Financial Modelling with AI: Part 3

Generative AI tools like ChatGPT and Copilot can support the testing and implementation phases of financial model development. While AI cannot yet fully automate model building, it offers valuable assistance once the model is constructed.

This article focuses on the last two stages of model development:

  • Test: Verifying the model's accuracy by checking results and reviewing formulas.
  • Implement: Ensuring users understand how to operate the model, supported by clear documentation and training.

AI can help with scenario analysis, what-if and goal-seeking analysis, benchmarking against industry metrics, generating explanations for documentation, and creating visualisations.

Scenario Analysis

Both ChatGPT and Copilot performed well when tasked with generating scenario results by varying inputs. For example, they accurately reproduced nine scenario outcomes combining cost assumptions and tax rates. The results matched manual calculations, though the AI outputs were values only, without showing formulas or methodology.

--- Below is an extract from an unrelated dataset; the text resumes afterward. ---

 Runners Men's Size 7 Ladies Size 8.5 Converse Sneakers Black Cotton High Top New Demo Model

This indicates AI tools can handle straightforward scenario analyses effectively, but they provide limited transparency on how results are derived.

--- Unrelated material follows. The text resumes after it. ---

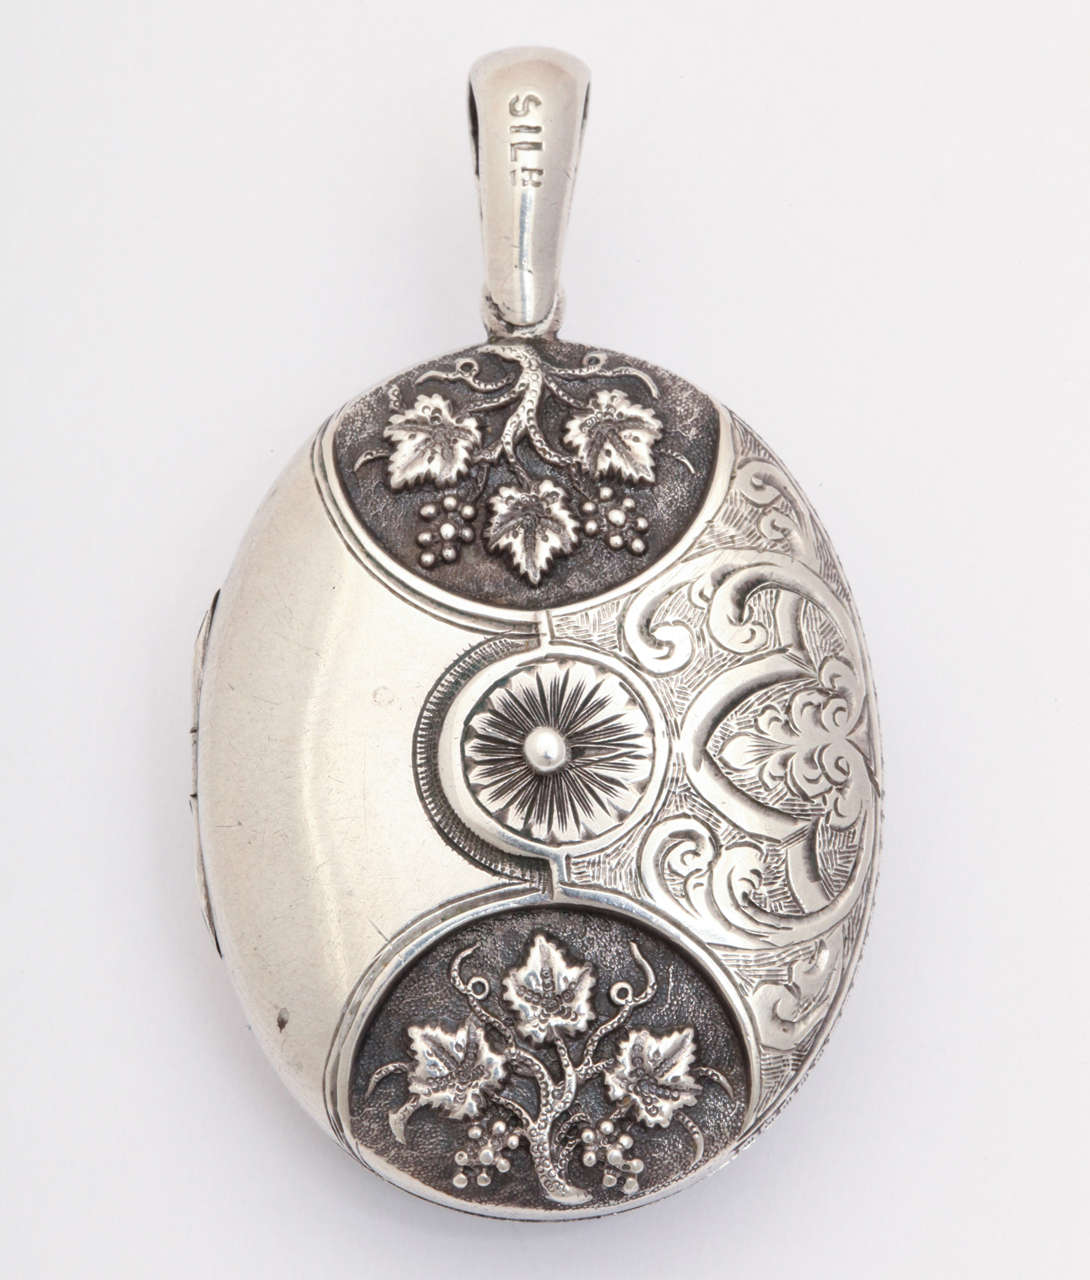 Handsomely engraved on both its sides, this English silver locket is a model of the fine silver work created in the late 19th century in the United Kingdom.  Jewelry at that time reflected the nature, whimsy, sentimentality and symbolism. One side

What-If Analysis and Goal Seeking

When asked to adjust assumptions to reach a target net profit after tax (NPAT), both AI tools produced accurate values. They accounted for dependent calculations like cost of goods sold and operating expenses.

However, AI often outputs numbers without explaining how those results were calculated. This lack of context can be a challenge for users who want to understand or validate the results.

More complex iterative calculations over multiple periods were also handled correctly by both tools, but again without detailed explanations. AI managed multi-dimensional what-if scenarios involving simultaneous changes in indirect costs and tax rates, though minor discrepancies appeared with Copilot under heavier computational demands.

The takeaway: AI can assist with test calculations, but independent verification remains essential.

Metrics and Industry Benchmarking

After building a model, benchmarking financial ratios and performance metrics against industry standards is common practice. AI tools can generate these metrics from financial statements quickly.

ChatGPT provided a range of key metrics for the final year of a model, including profitability and efficiency ratios. Copilot also produced relevant metrics but fewer in number.

However, when asked to compare these metrics to real companies, AI struggled. Both ChatGPT and Copilot produced inaccurate references or fabricated data sources. They sometimes made misleading or illogical comparisons, such as equating vastly different cash flow figures.

Use AI benchmarking outputs as a starting point, but always cross-check against reliable data.

Providing Explanations and Documentation

AI excels at generating documentation and training materials. It can explain model logic, formulas, and workflows in conversational language. This interactive approach is useful for end users who prefer concise, on-demand help over lengthy manuals.

Visualisations and Charting

When it comes to presenting results visually, ChatGPT outperformed Copilot. Given financial statements, ChatGPT suggested relevant charts and produced multi-line graphs showing profit trends and expenditure breakdowns.

Initial charts had some axis and labeling issues, but with iterative prompts, the output improved significantly. Copilot struggled to create accurate charts, often producing incorrect values or labels.

Visual output by AI can enhance model presentation, but expect to refine and validate charts carefully.

Final Thoughts

Responses from AI tools can vary widely even with the same prompts. Still, ChatGPT and Copilot remain valuable helpers during the testing and implementation phases of financial models, especially for those with limited modelling experience.

Verification is crucialโ€”never accept AI-generated results without checking. ChatGPT generally delivers stronger qualitative and quantitative support across modelling tasks.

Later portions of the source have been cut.